My attempt: $f(t) = U(t) e^t - U(t-1) e^t $

I think my solution is not right because at f(t=1), it doesn't give the right value. How would I go about fixing this issue.

Thanks!

4 Answers4

1

Simple.

f(t) = $e^tU(-t+1)U(t)$

EDIT

Your function f has the value of 0 on the entire x domain, in the exception of [0, 1] where it has the value of $e^t$.
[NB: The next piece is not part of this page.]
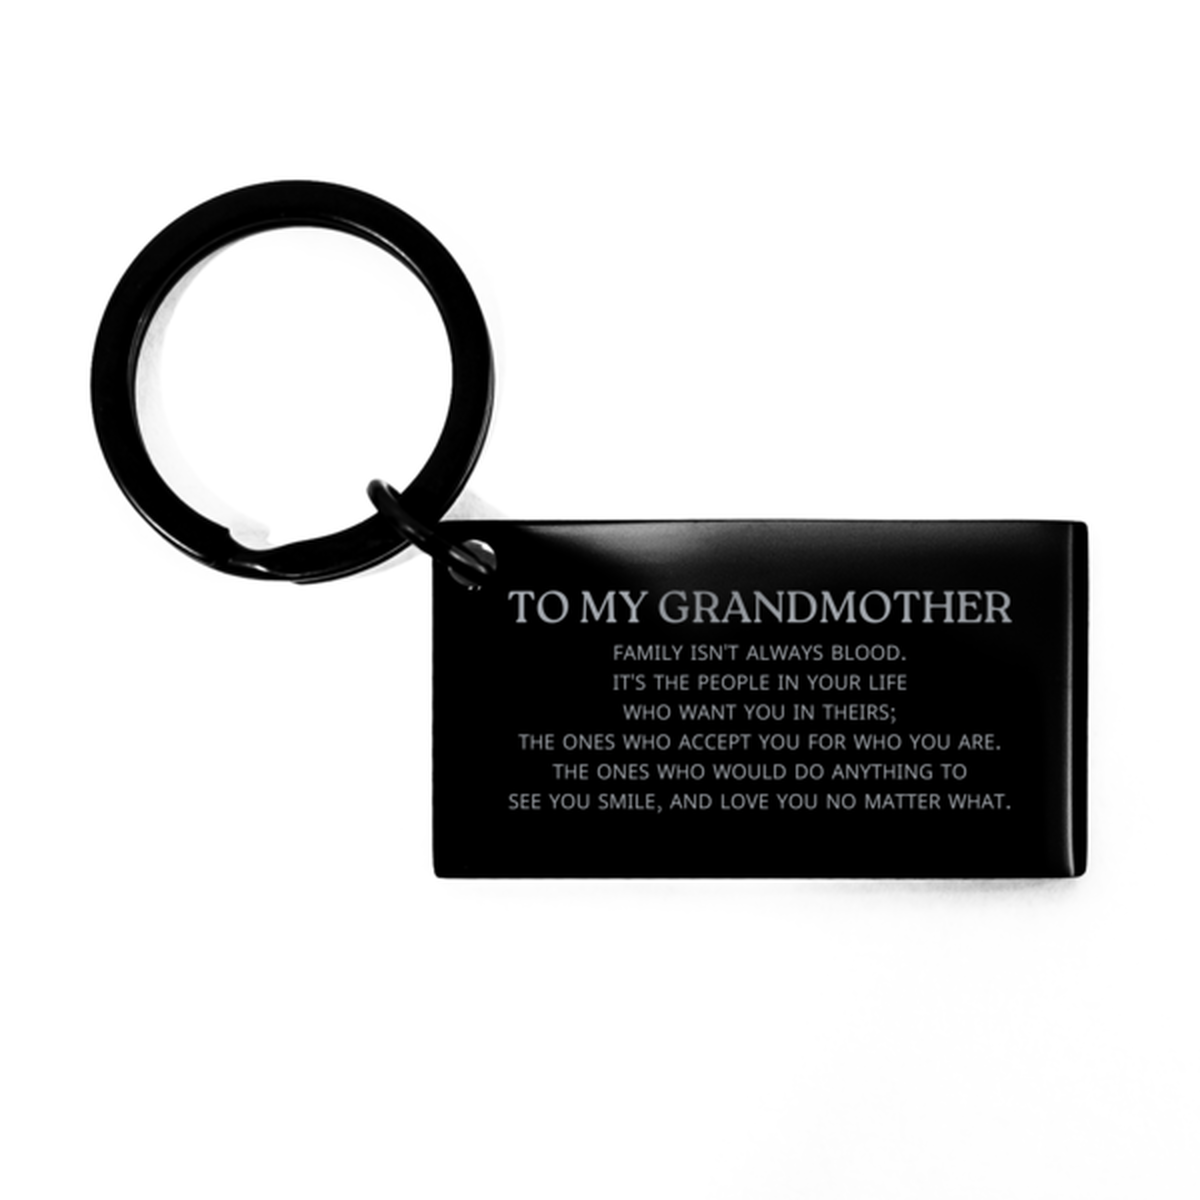 To My Grandmother Gifts, Family isn't always blood, Grandmother Keychain, Birthday Christmas Unique Present For Grandmother
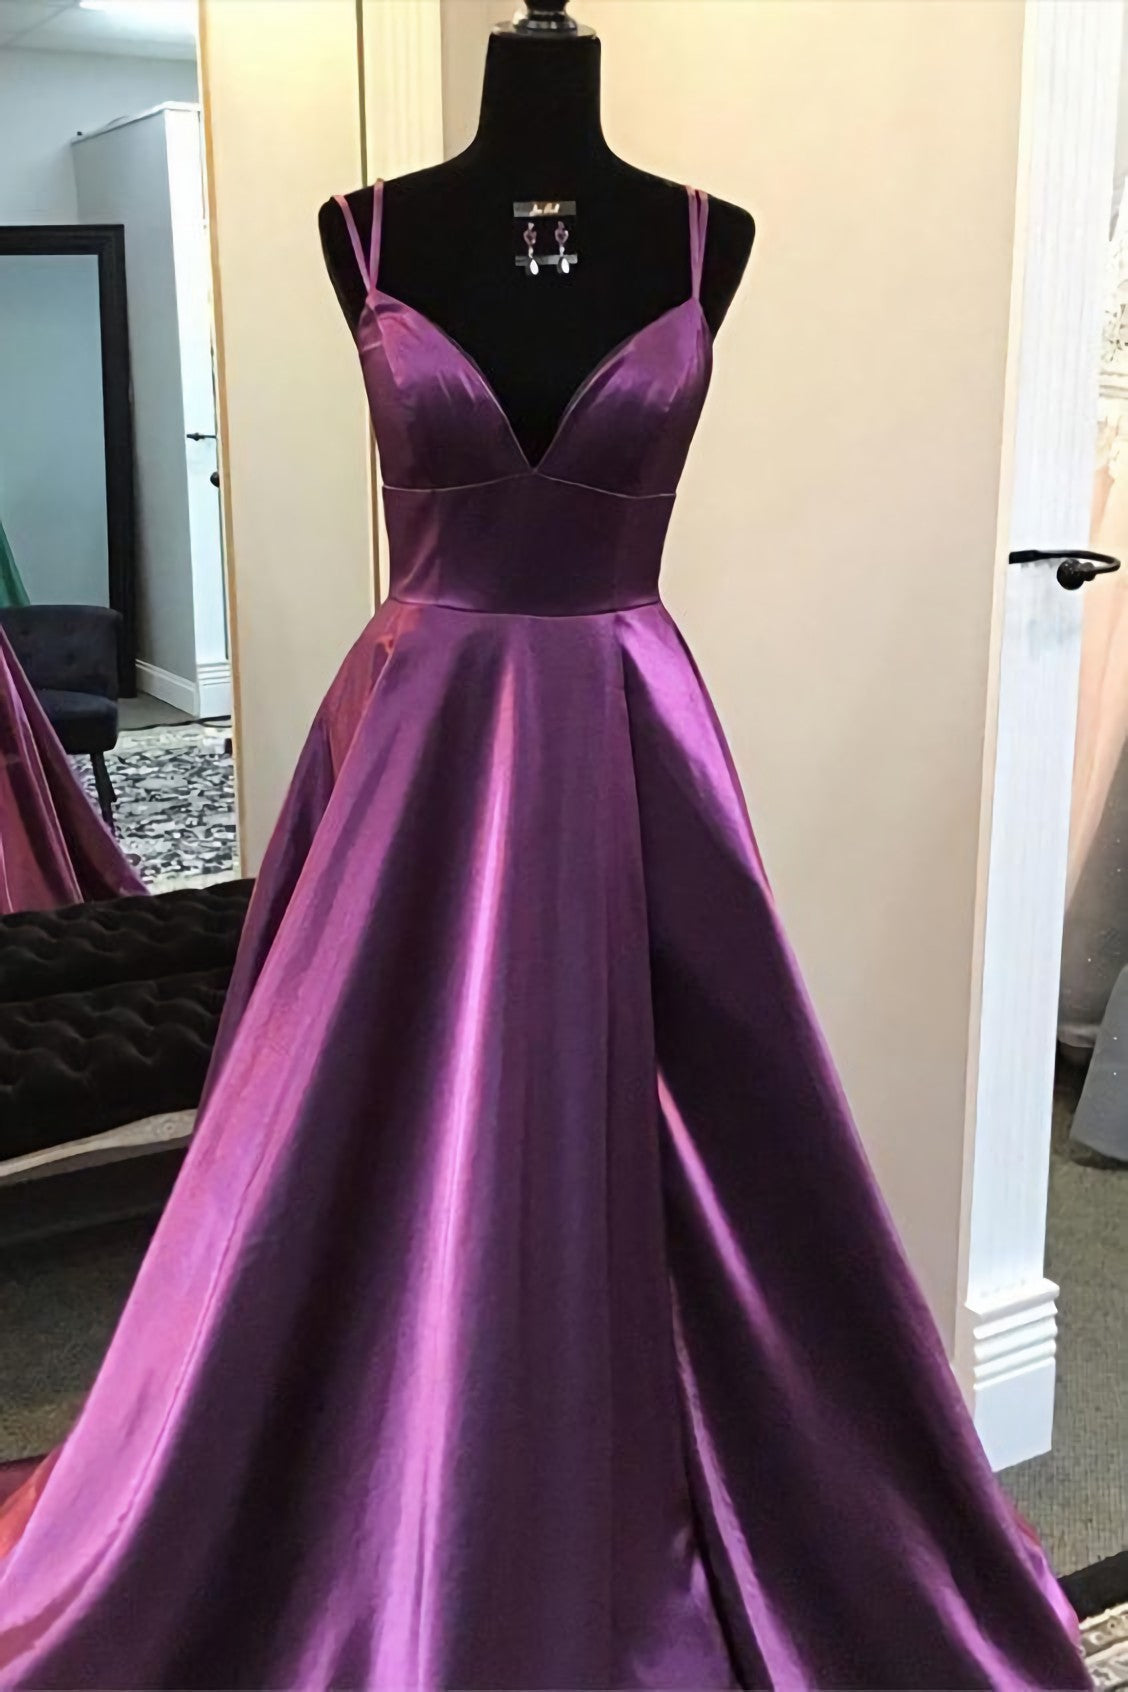 Simply Elegant Purple Corset Prom Dress With Double Straps 2444 Gowns, Formal Dress Elegant Classy

You can start with f(t) = $e^t$. The problem now is that for t < 0 or t > 1 the value of f(t) is still $e^t$. We start by clearing out f(t) if t > 1. We know that the Heaviside function U(t) is 1 for t>= 0 and 0 otherwise. Consequently U(-t+1) is 0 for t < 1, 0 otherwise.
Still need to clear out f for t < 0. U(t) does the job since it is equal to 0 for t < 0.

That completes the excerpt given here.